ACTIVITY:
Beginning with the line that contains "Babyflo Baby Shampoo", transcribe the rest of the listing below exactly, including its last line, and exclude any pictures.

COLLECTED DATA:
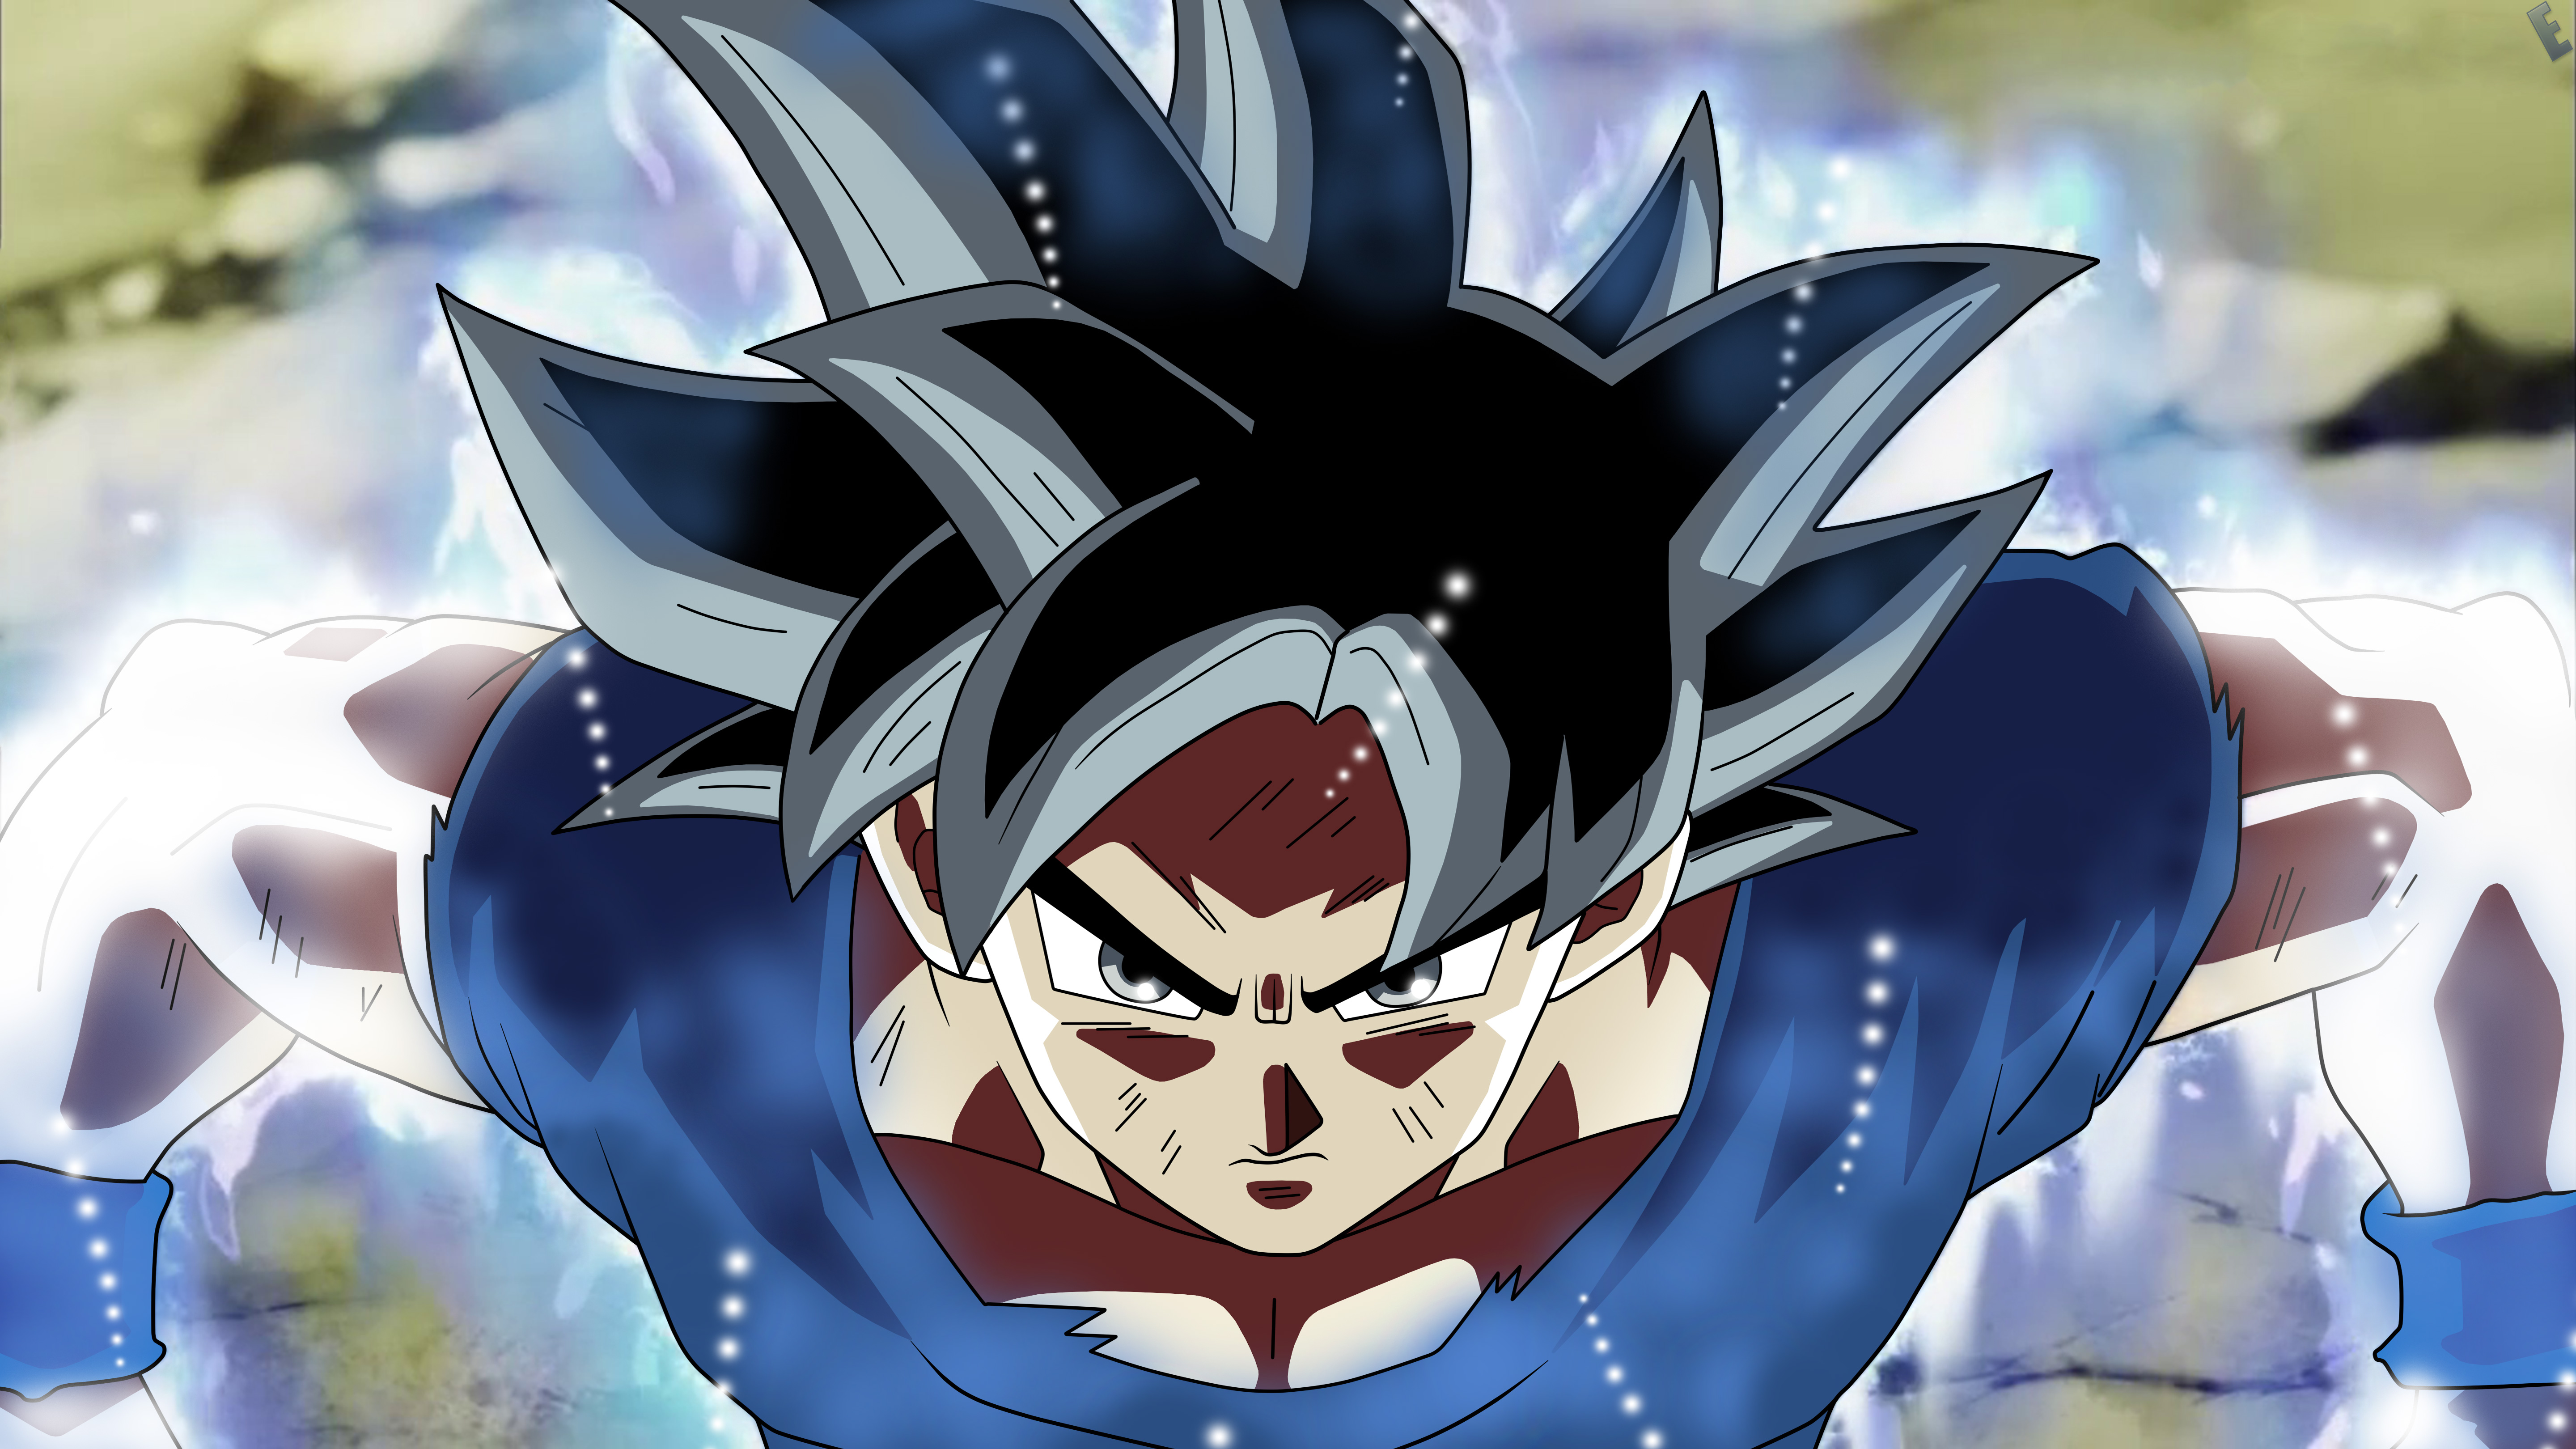 Goku Dragon Ball Super Anime 5k, HD Anime, 4k Wallpapers ...
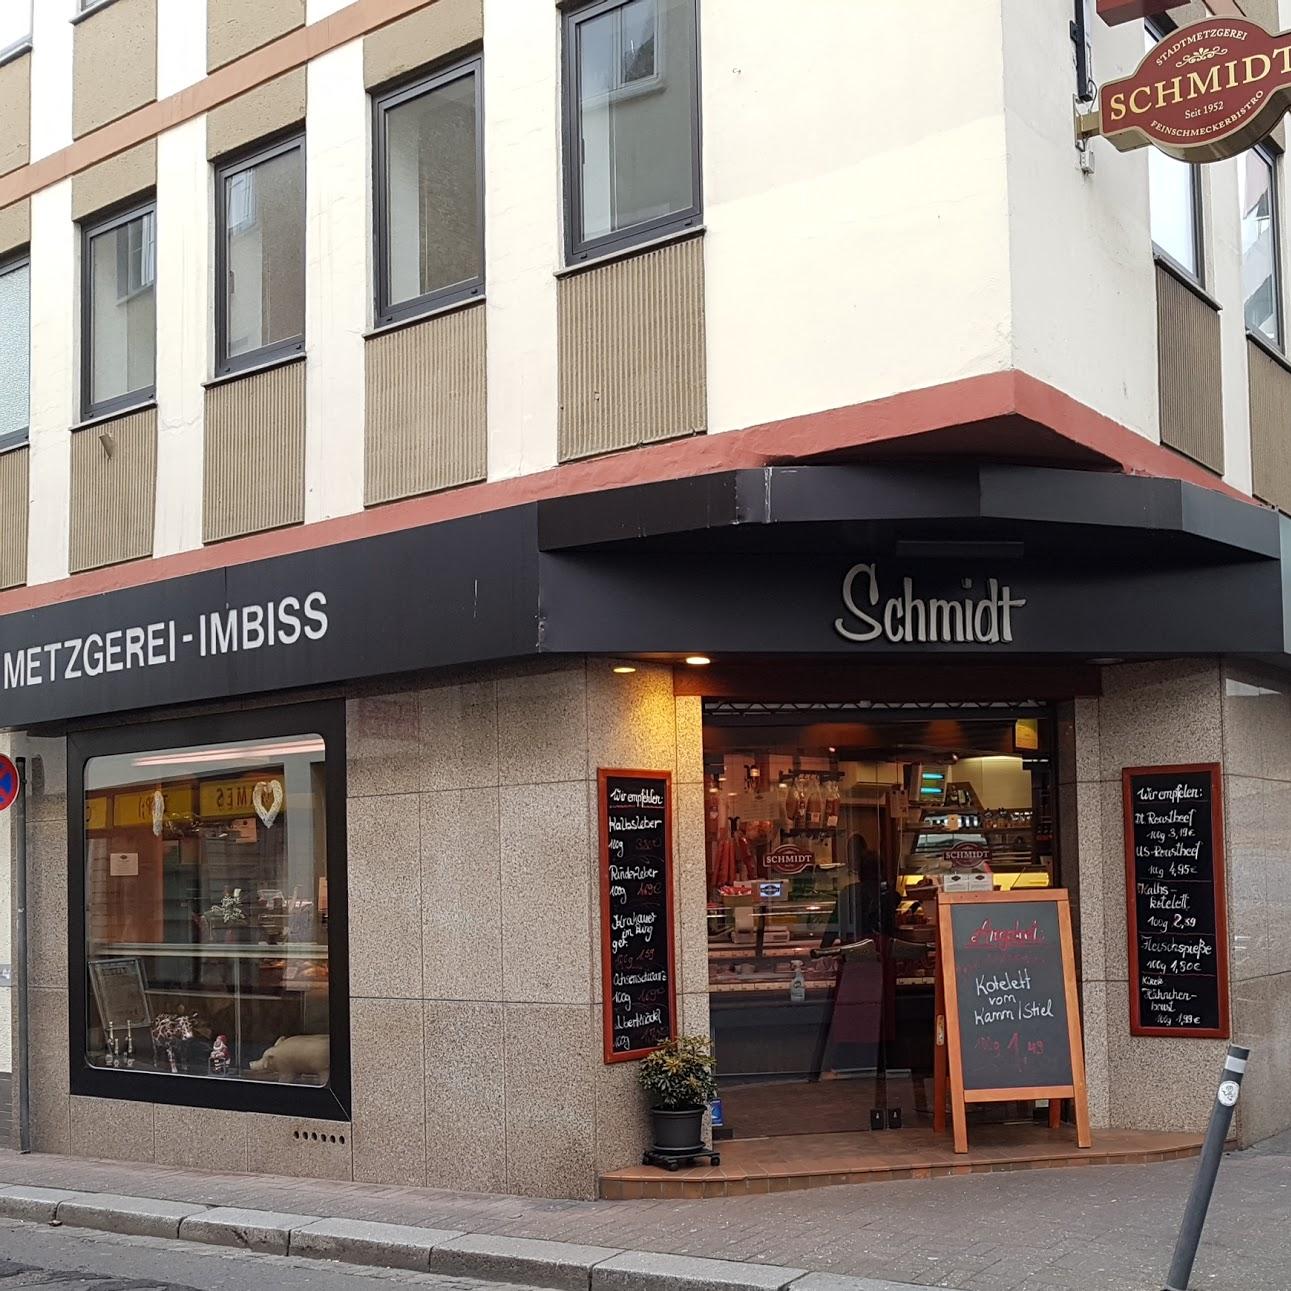 Restaurant "Metzgerei & Bistro Schmidt Inh. Kurt Beuschel" in Mainz
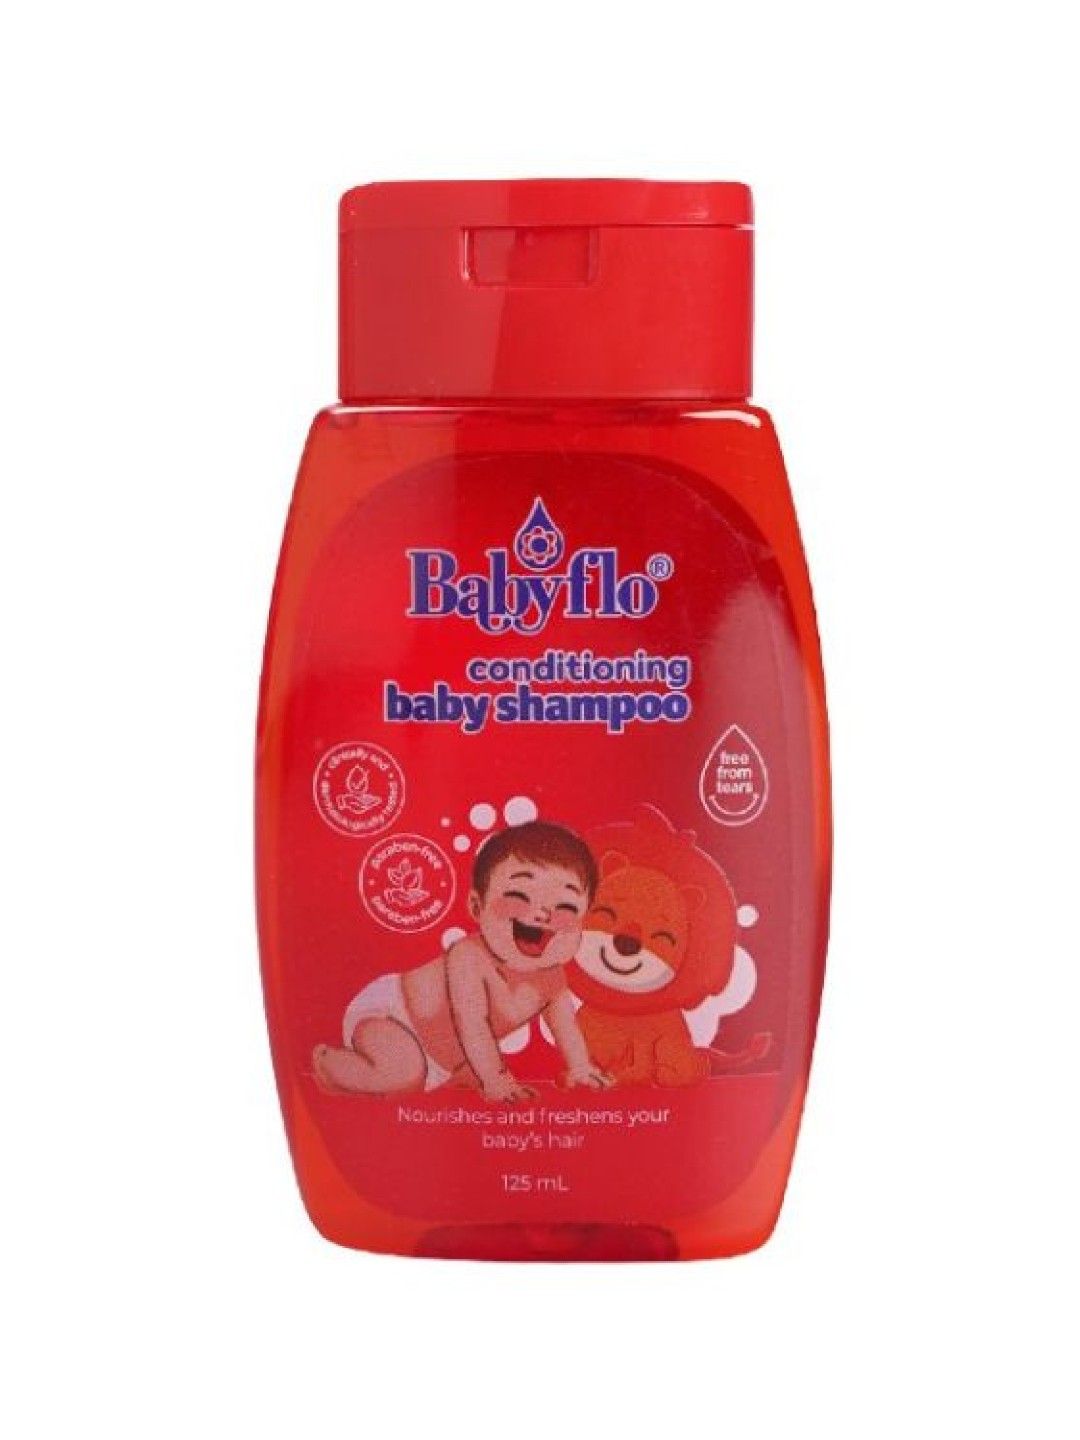 Babyflo Baby Shampoo Conditioning (125ml- Image 1)
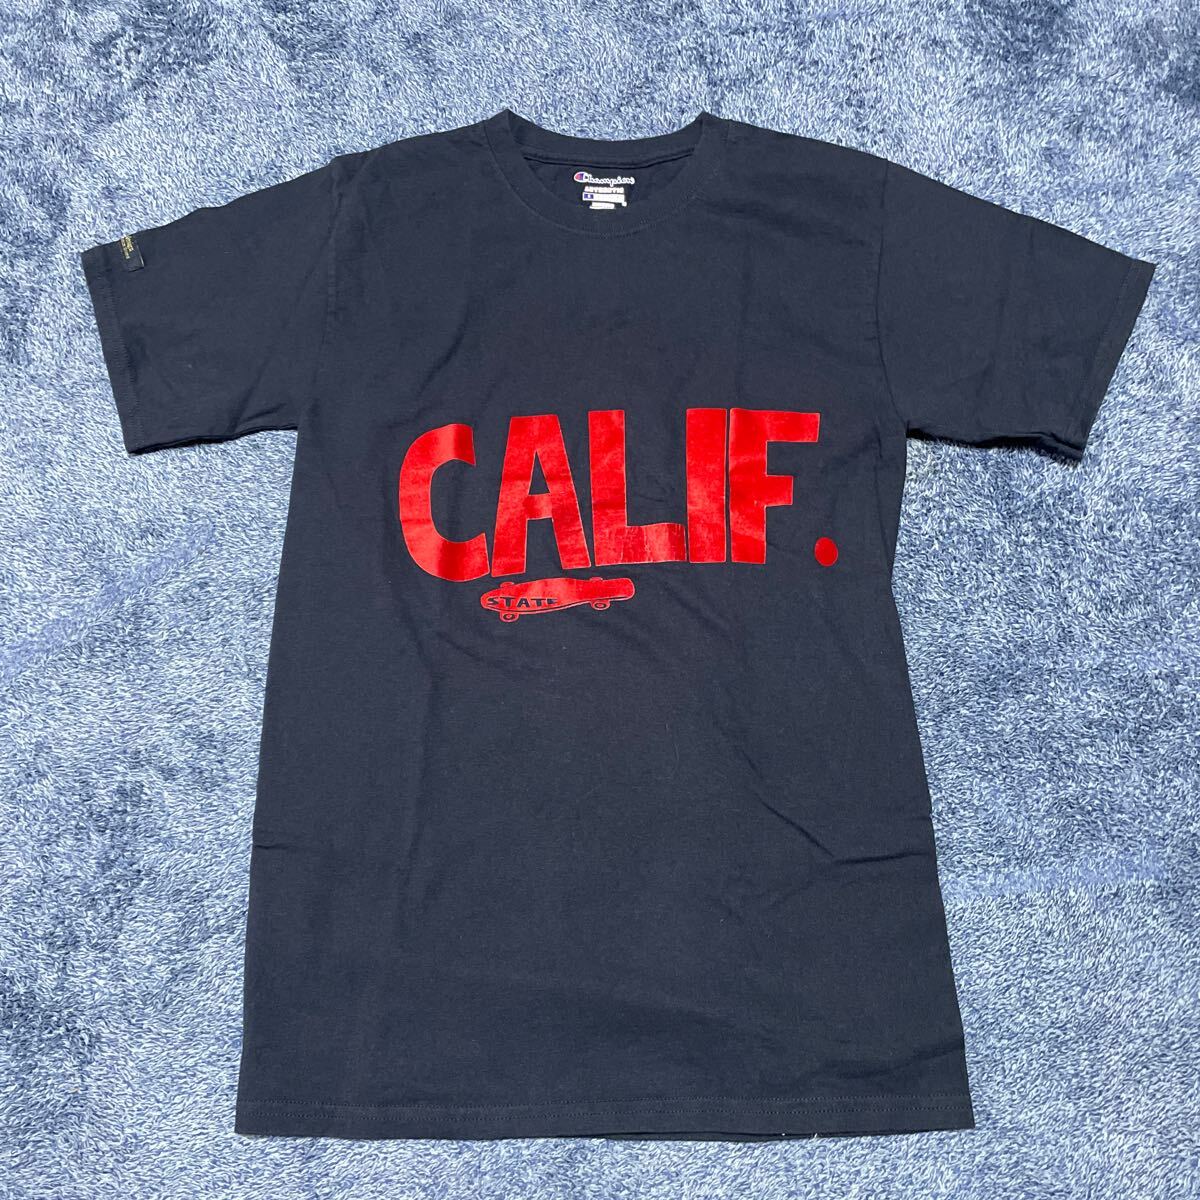 CALIF STATE チャンピオン Tシャツ メンズサイズS_画像1

PROBLEM SOLUTION:
 Babyflo Baby Shampoo Conditioning (125ml- Image 1)
 CALIF STATE チャンピオン Tシャツ メンズサイズS_画像1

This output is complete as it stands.